The Instagram Page Mapping Cairo’s Best (& Worst) Toilets

When Ghaidaa Hammam enters a bathroom, there’s a few things she looks for: cleanliness, a good, strong bidet, a functioning soap dispenser, the presence of tissues. She of course takes note of the smell, and, after a request from one of her followers, she pays close attention to how well the door locks. If these basics are met, she’ll consider the aesthetics of the bathroom.

“I pee everywhere I go,” Hammam, a PR & Communications Specialist with a tiny bladder, tells us. “In every neighbourhood, there are places where I know I could go pee, and places where I know for sure I won’t pee.” When Hammam started posting reviews of her toilet adventures on Instagram under her personal account, what started as a joke began gaining traction and led eventually to its own page: a guide to the best—and very much the worst—toilets in Cairo.

Named ‘To Pee Or Not To Pee’, Hammam’s page is not for the faint of heart. Hammam doesn’t just review pretty places; she rolls up her sleeves and gets deep in it, taking close-ups of the toilet’s flush, the paper rolls on the floor, the hairs left in the sink. It’s a little nauseating, but that’s the point.“I view the toilet as a completion of the restaurant experience. There are many places that serve good, expensive things, and their bathrooms are disgusting. There are places I used to go to that I’ve stopped going to because their toilets are unclean.”

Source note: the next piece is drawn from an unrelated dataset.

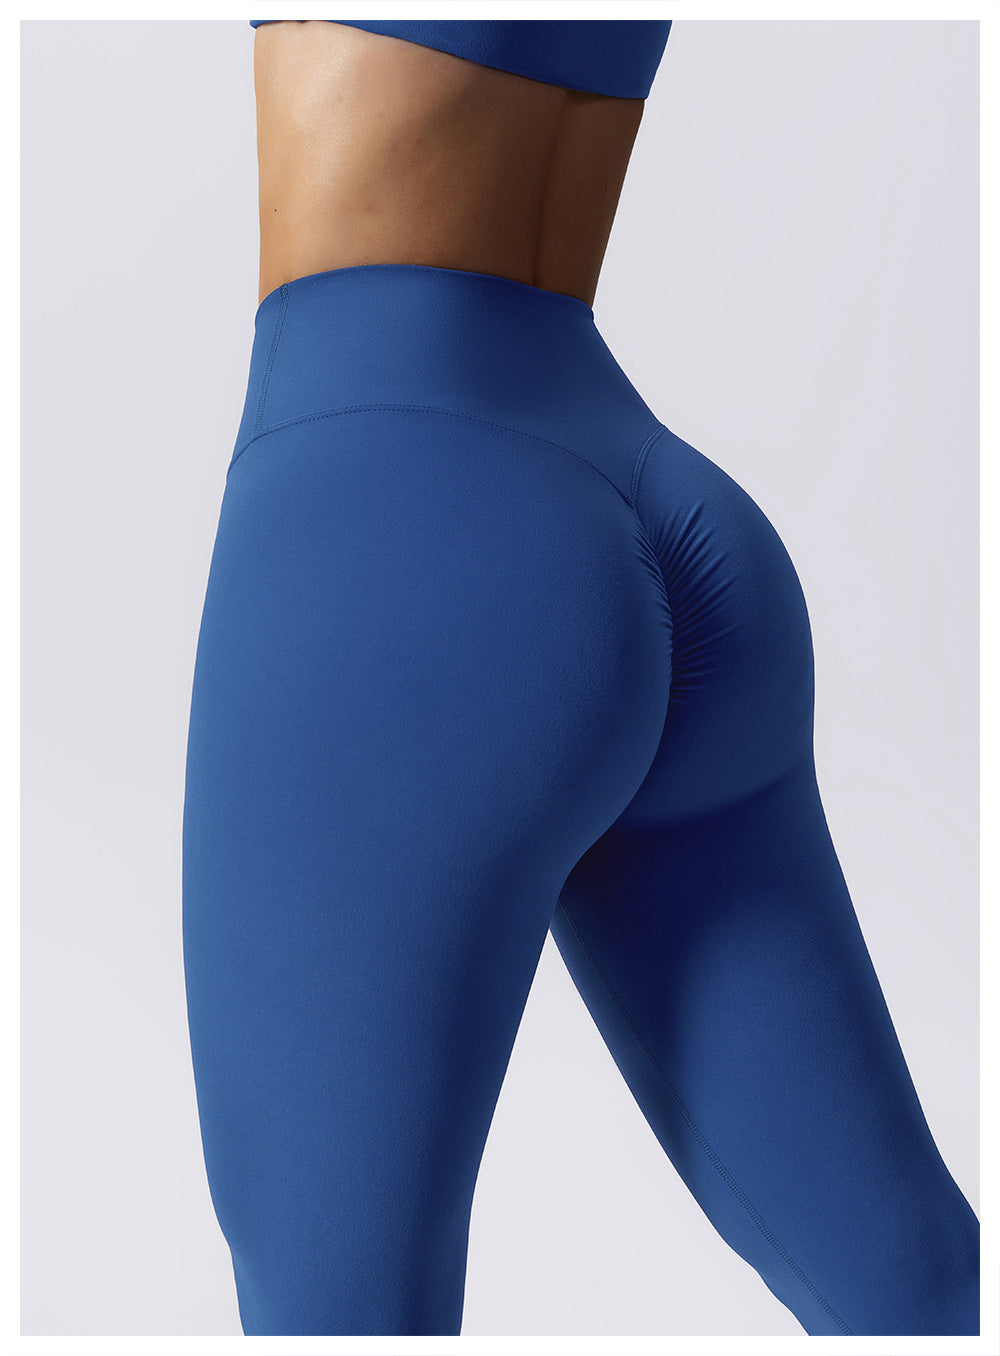 Drawstring Belly Contracting Nude High Waist Yoga Pants Quick Drying Hip Lifting Fitness Pants Tight Running Sports Pants Women

If there’s a social cause attached to her work, it’s two-fold: getting restaurants to clean up their act (literally), but also helping people find better toilets when they’re out in the city. Browsing through To Pee Or Not To Pee’s highlights on Instagram, a user will find a breakdown of Cairo’s toilets by neighbourhood, including Downtown, Zamalek, Maadi, Sheikh Zayed and Tagamoa.

“You know how you go on Google Maps to check reviews of restaurants? I want people to check my account to see if a toilet is worth peeing,” Hammam says. But her aspirations for To Pee Or Not To Pee don’t end there. Half serious, half joking, she adds, “I want to be the Michelin Star of bathrooms.”While Hammam’s rating system is a little less strict than that of the Michelin guide, she has no problem calling out places on their stink. At the top of Hammam’s list of worst toilets are Foam in Zamalek, Tipsy Camel in Maadi and Koshary Abou Tarek in Downtown. However, Hammam is not an unreasonable reviewer—when she finds a good bathroom, she’s happy to give it its flowers. (For the curious: she had great things to say about Granita, Almería, Odoriko and Samak Laban.)

“At first my style of content was very amateur and I was just having fun with it,” Hammam says, “but eventually I’d like to have an input [on the city], and say that its toilets should be cleaner.” Many have rallied behind that mission, and her page.

“I’ve created some friends from my followers. I’ve had people tell me they needed something like this in their life. I feel girls especially understand the struggle. It’s something very silly maybe, but I feel like it’s a luxury to not have to use the bathroom outside.”

As her page grows, Hammam has also found that her content attracts not just women, but increasingly more men. “I’m trying to be more inclusive,” Hammam says. “Sometimes the bathrooms I go to are unisex, or if I have a friend with me I make them go take photos of the men’s toilet and give me a review.”

She’s also expanded beyond the immediate confines of the city, with posts of bathrooms in Alexandria and Dubai, where work sometimes sends her. But whether home or abroad, Hammam doesn’t go hunting down bathrooms to review. Rather, the content of her page is based on where she happens to find herself in her day to day.

“I want to print stickers soon so that I can leave them on bathroom doors after I do a review,” Hammam tells us of her future plans. Whether or not Cairo’s venues step up their game in response to this new reviewer in their midst, Hammam’s mark (i.e., stickers) will soon be left upon the city to ultimately answer the question: to pee, or not to pee?